I remember growing up watching Fanny Flagg on Match Game. In her later years, she became better known as an author. I remember seeing this film years ago. The movie concentrates on the love story between Idgie and Ruth, but the book tells the story of the small community of Whistle Stop and the people who lived there until the railroad stopped coming through the town.

 

7. The Beat Queen by Louise Edirich

I joined an online book club where each year there was a theme. Last year’s theme was books with food in the title, thus why I read Green Fried Tomatoes and this book.

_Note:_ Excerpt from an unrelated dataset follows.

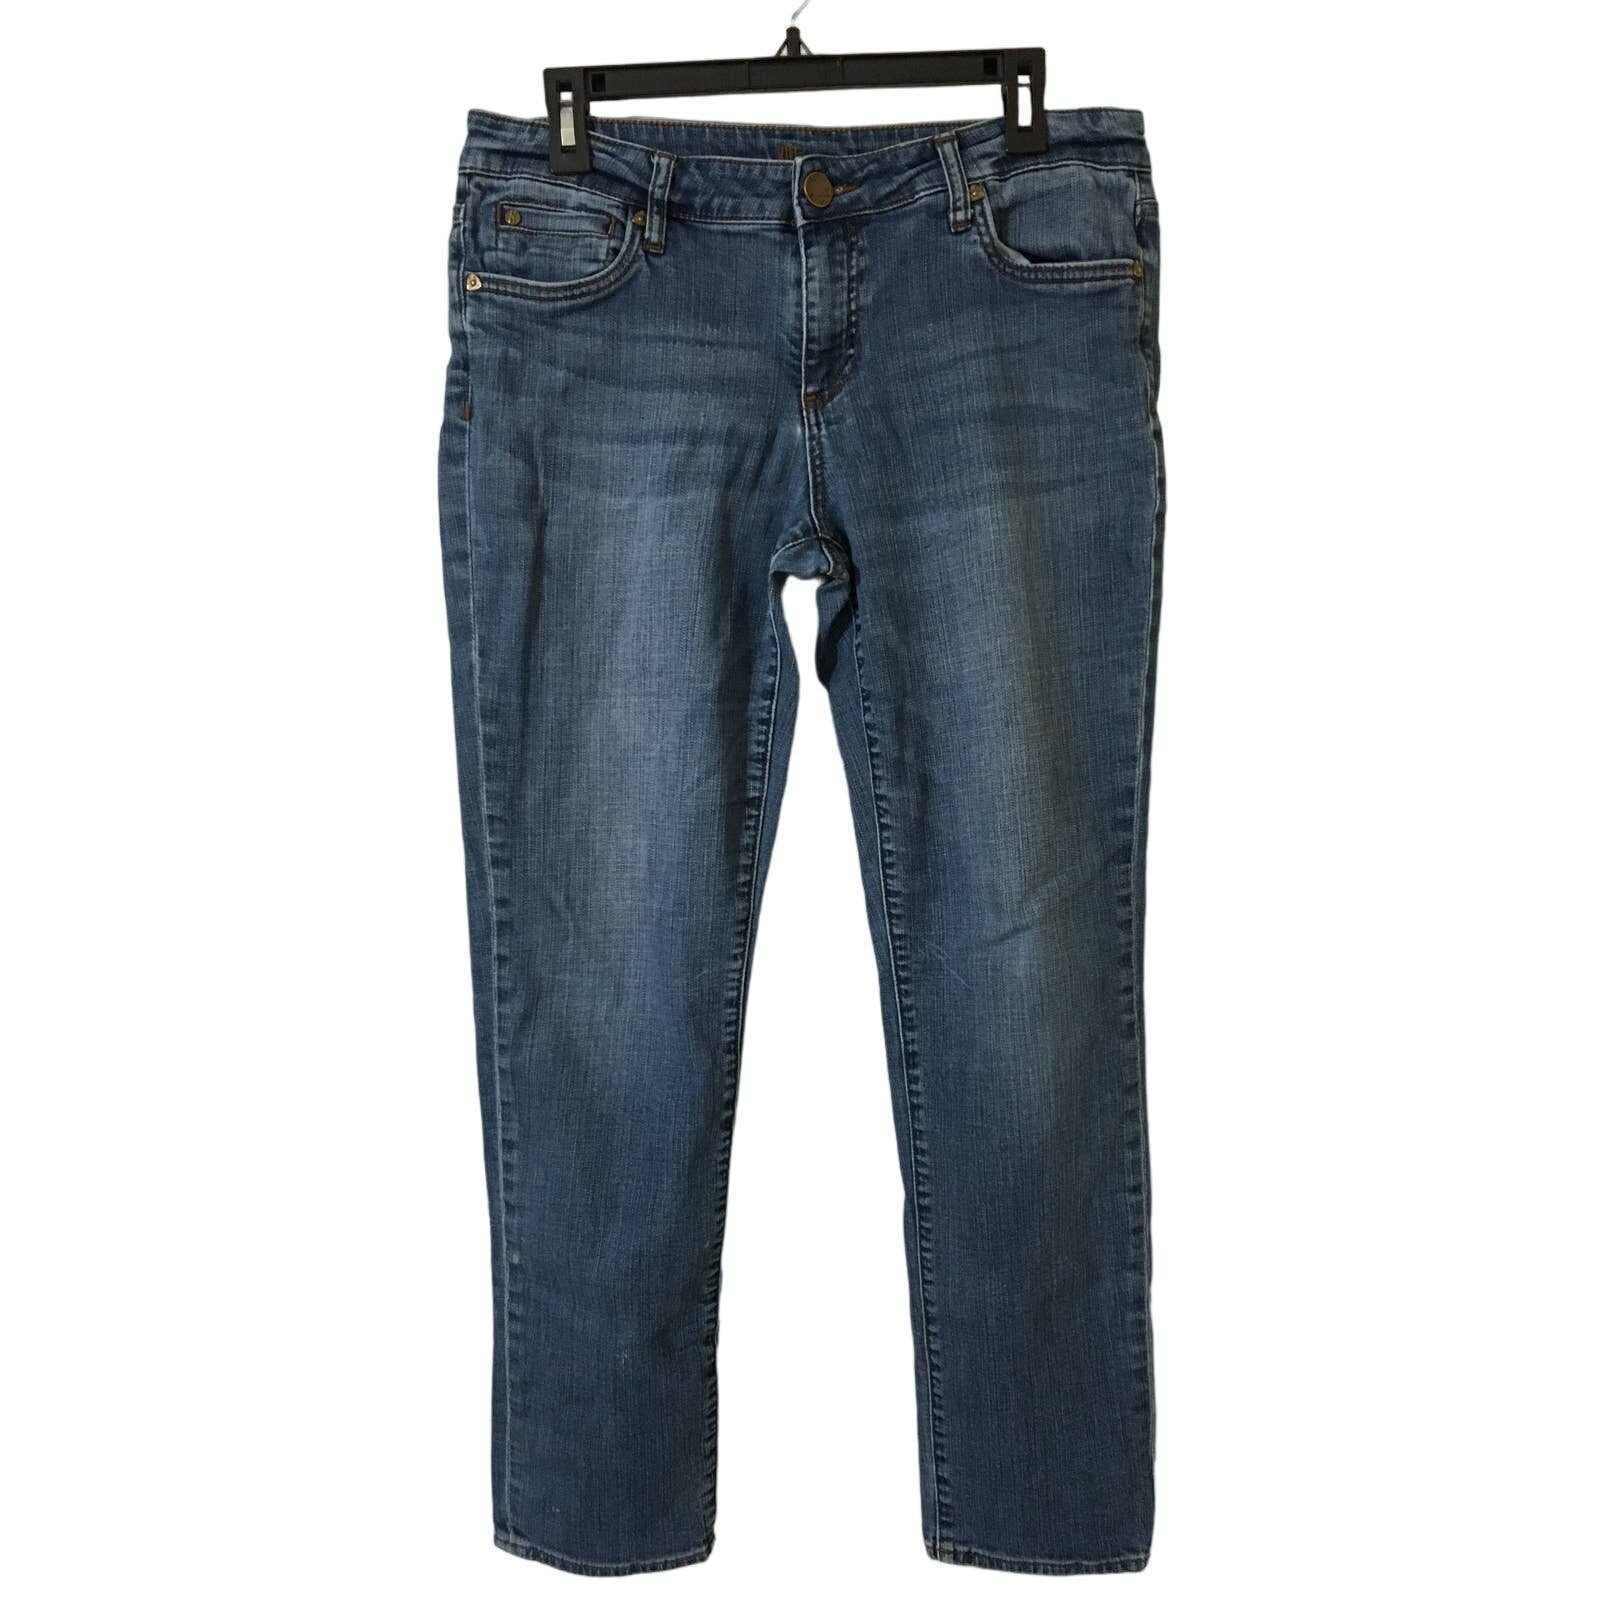 Classic KUT from the Kloth Size 10 Straight Leg Jeans Minor Flaws g21WLvKSI Counter Genuine 
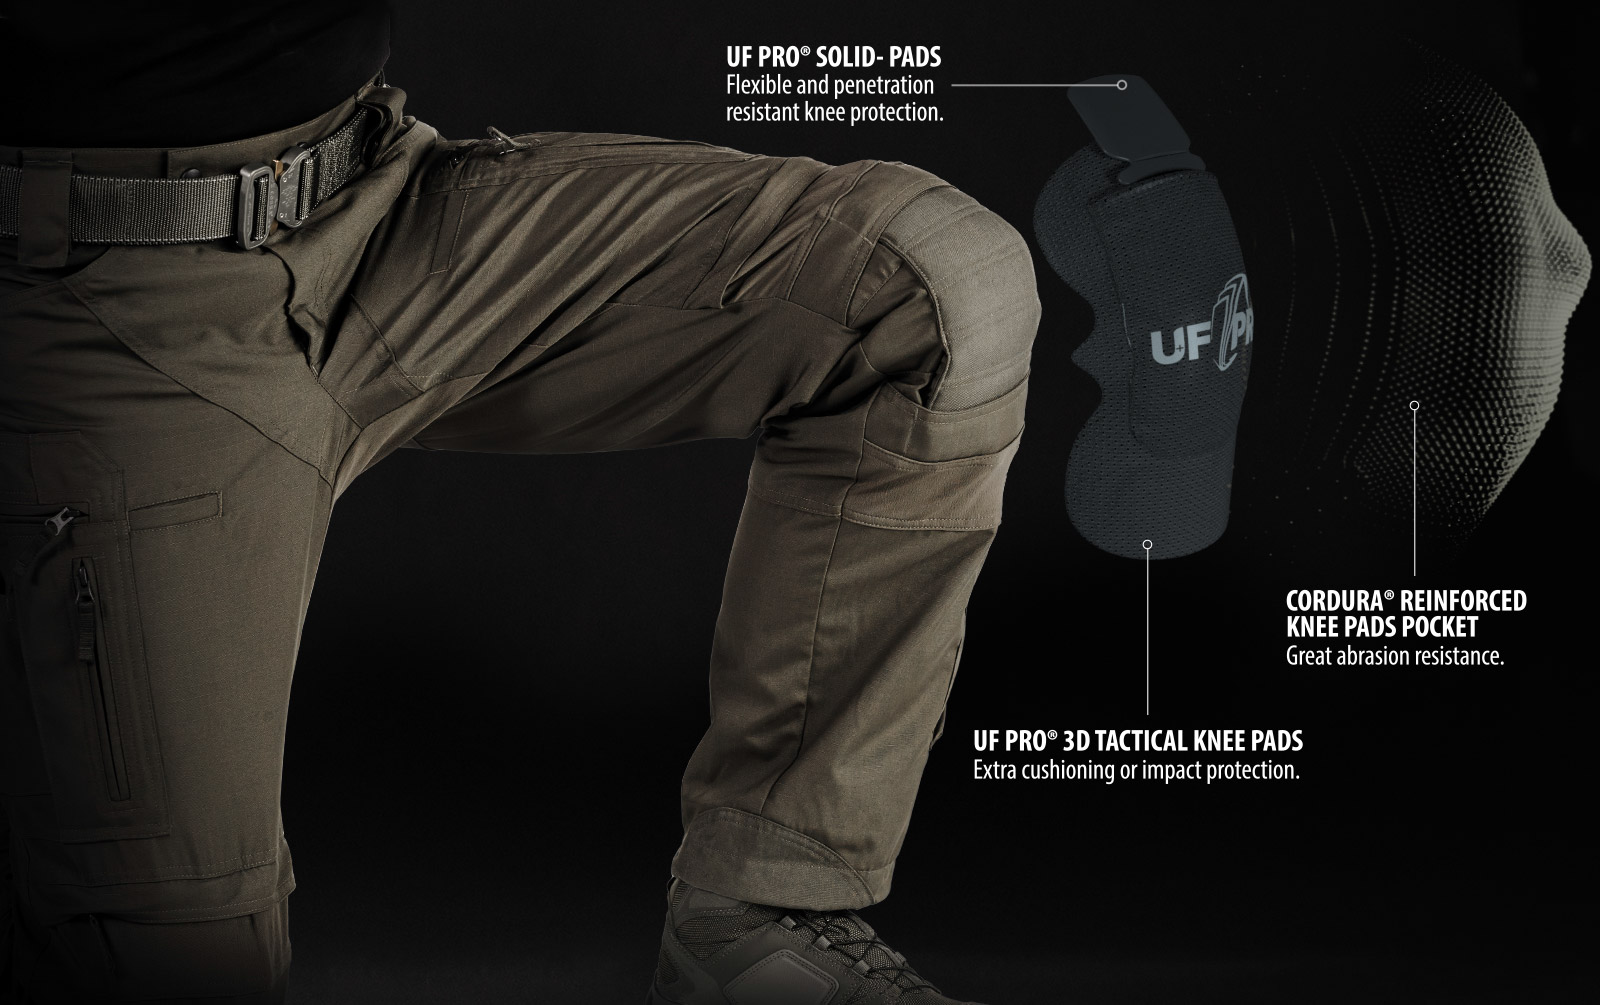 Tactical pants with knee protection | The story behind the design

This book starts out with siblings Mary and Karl Adare riding a boxcar to Argus, North Dakota to live with their aunt after their mom flies off with an airplane pilot during the Depression. It took me awhile to get into book, but it’s a great novel about families, the one you are born into and the one you find.

 

8. A Christmas Carol by Charles Dickens

This was another group read run by Rolly. I think we all have seen one of the many adaptations of this novella. It was great to finally read it. What I loved the most was the extent of Dickens’ imagination. I loved his vivid descriptions of each ghost.

 

9. The Black Mountain by Rex Stout

In most Nero Wolfe novels, Wolfe solves the case from the safety of his brownstone on West 35th Street in Manhattan, surrounded by his beloved orchids. This book is very different. The death of Wolfe’s childhood friend Marko Vukcic as well as his adopted daughter, Carla Britton, leads Wolfe to leave to confines of his brownstone to go with his sidekick Archie Goodwin in the former country of Yugoslavia to solve the case. More action-packed than most Wolfe books.

 

10. The Martian Chronicles by Ray Bradbury

This was actually a reread. I read this book in junior high, and it became one of my favorite books at the time. It basically a series of stories about how men from Earth come to colonize Mars and how we destroy the planet. It was a pleasure to reread it.

 

I have 3 honorable mentions: Rabbit is Rich by John Updike, Death of a Peer by Nagio Marsh, and The World of Jeeves by P. G. Wodehouse. I am currently reading a holdover from last year, Stones For Ibarra by Harriet Doerr and A Tree Grows in Brooklyn by Betty Smith. Looking forward to seeing where both books land on 2023’s list.